▸ **ABOUT THIS EXERCISE**: Look in the data below for the line that has "Cardano (ADA) Price", then print exactly every line from there through the line that has "People wait in", leaving pictures out.

*** EXERCISE INPUTS Section Begins ***

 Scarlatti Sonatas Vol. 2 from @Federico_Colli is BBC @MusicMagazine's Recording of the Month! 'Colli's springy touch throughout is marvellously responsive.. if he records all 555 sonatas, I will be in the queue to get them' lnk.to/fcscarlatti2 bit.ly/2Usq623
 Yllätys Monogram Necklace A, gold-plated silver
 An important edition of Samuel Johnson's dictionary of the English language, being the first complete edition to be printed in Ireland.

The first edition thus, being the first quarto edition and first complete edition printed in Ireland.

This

*** EXERCISE INPUTS Section Ends ***
*** EXERCISE INPUTS Section Begins ***

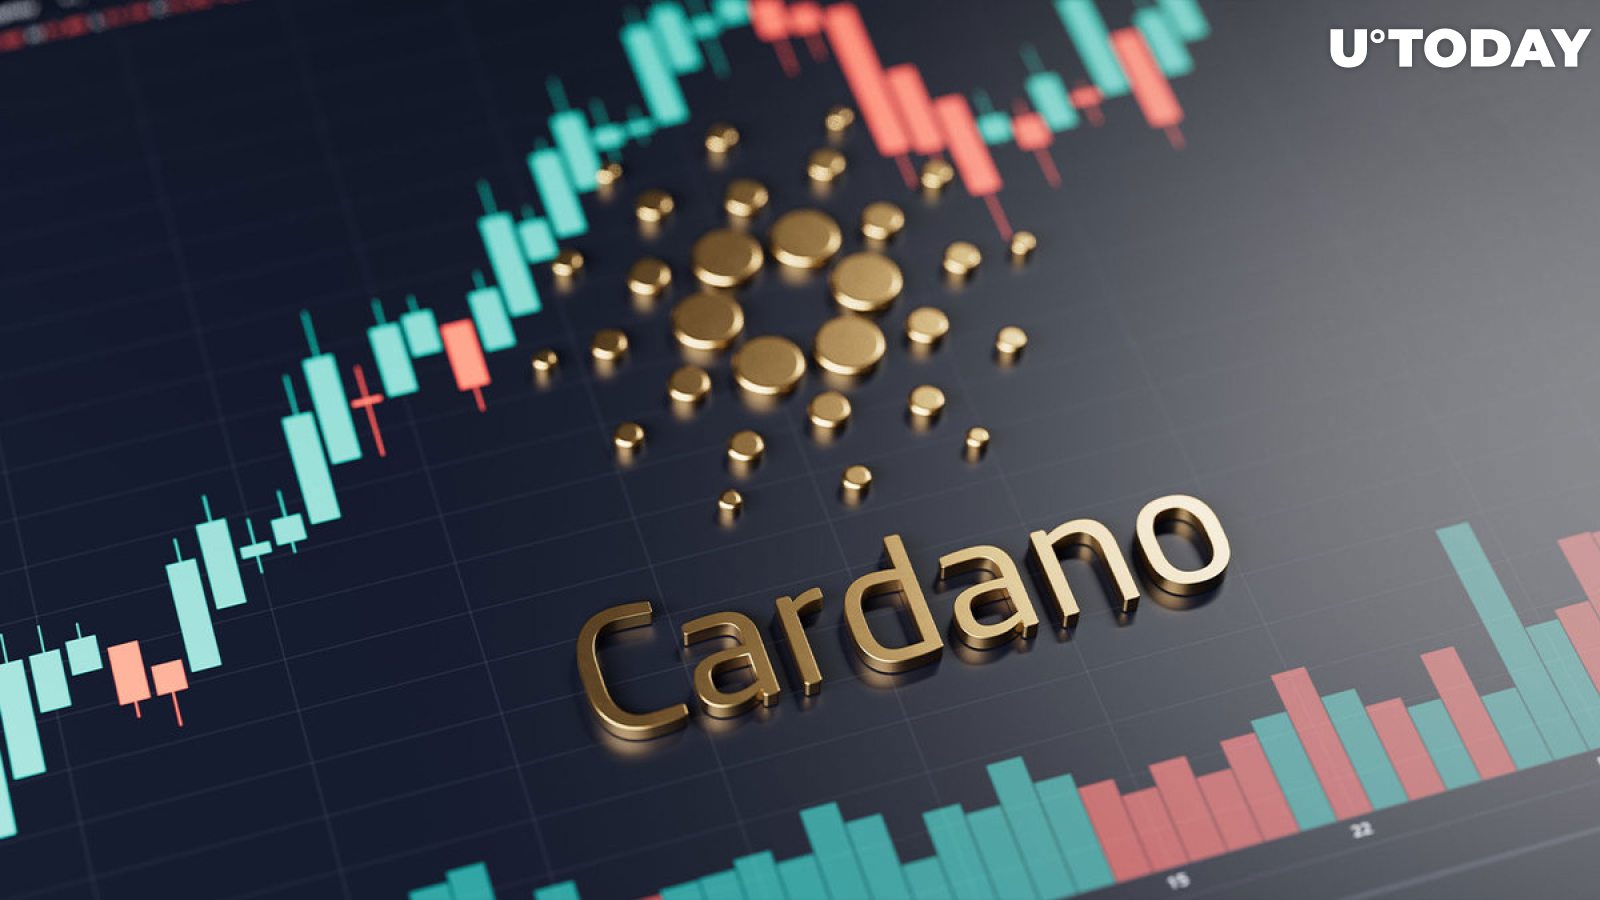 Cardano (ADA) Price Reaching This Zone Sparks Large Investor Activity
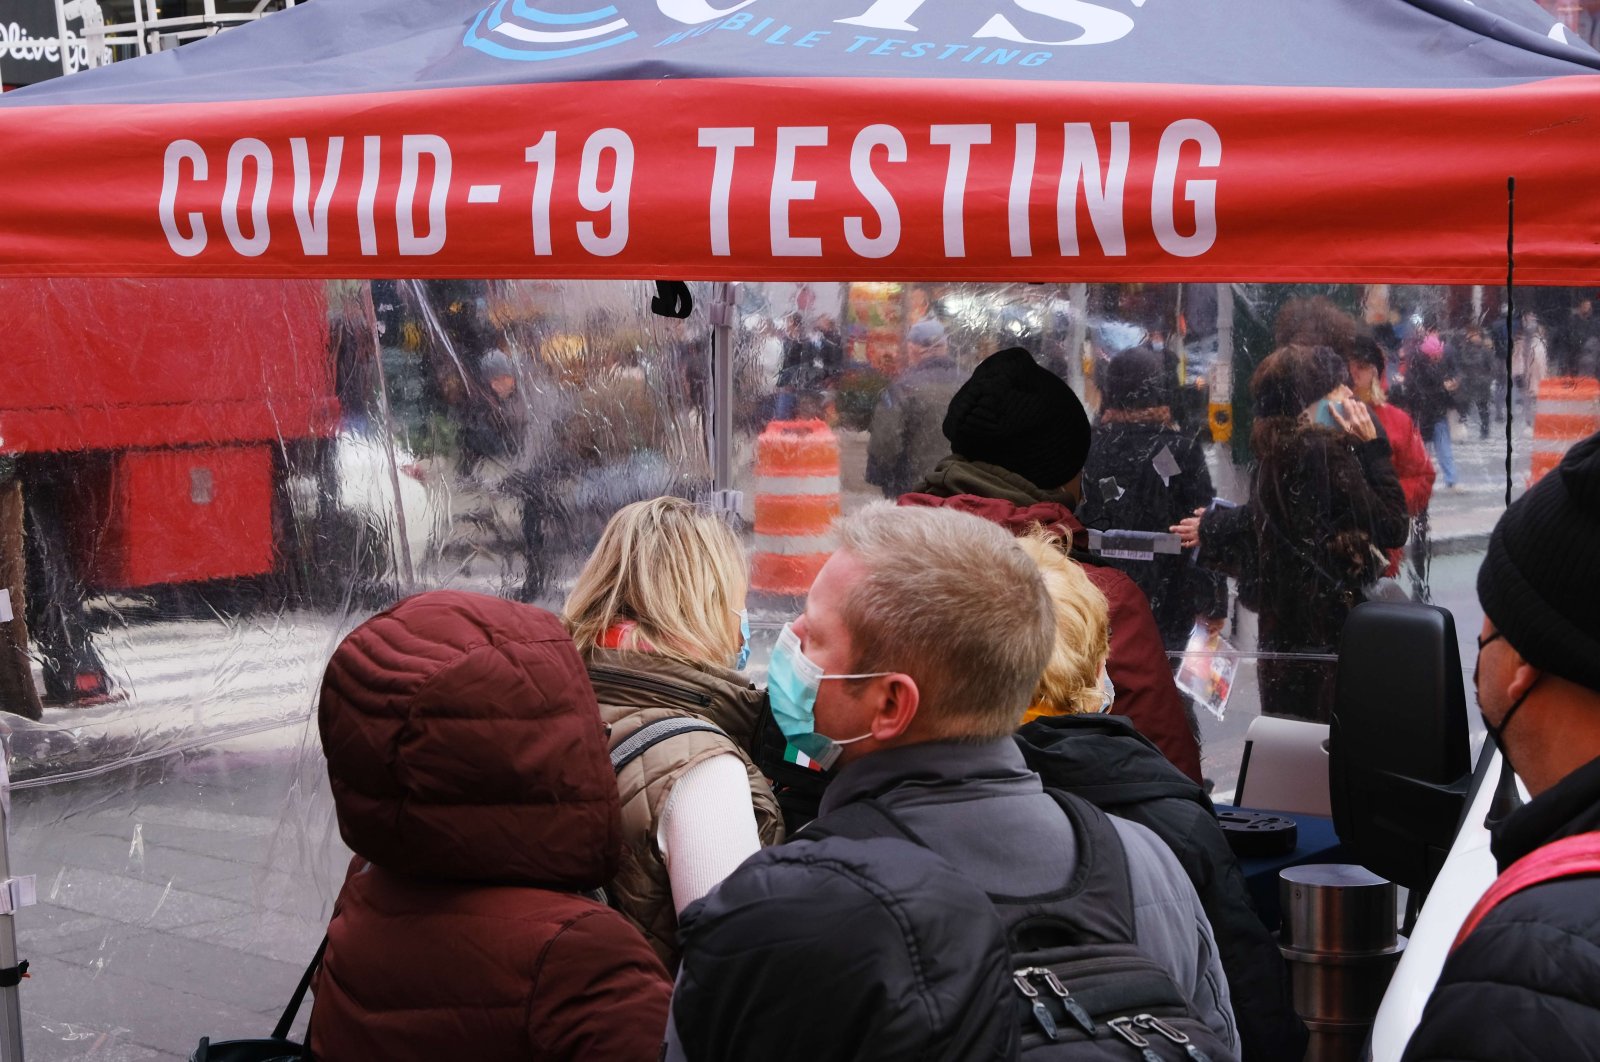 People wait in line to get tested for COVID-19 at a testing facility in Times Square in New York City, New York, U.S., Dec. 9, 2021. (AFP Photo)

*** EXERCISE INPUTS Section Ends ***

▸ **WRITTEN ANSWER**:
 Cardano (ADA) Price Reaching This Zone Sparks Large Investor Activity
 People wait in line to get tested for COVID-19 at a testing facility in Times Square in New York City, New York, U.S., Dec. 9, 2021. (AFP Photo)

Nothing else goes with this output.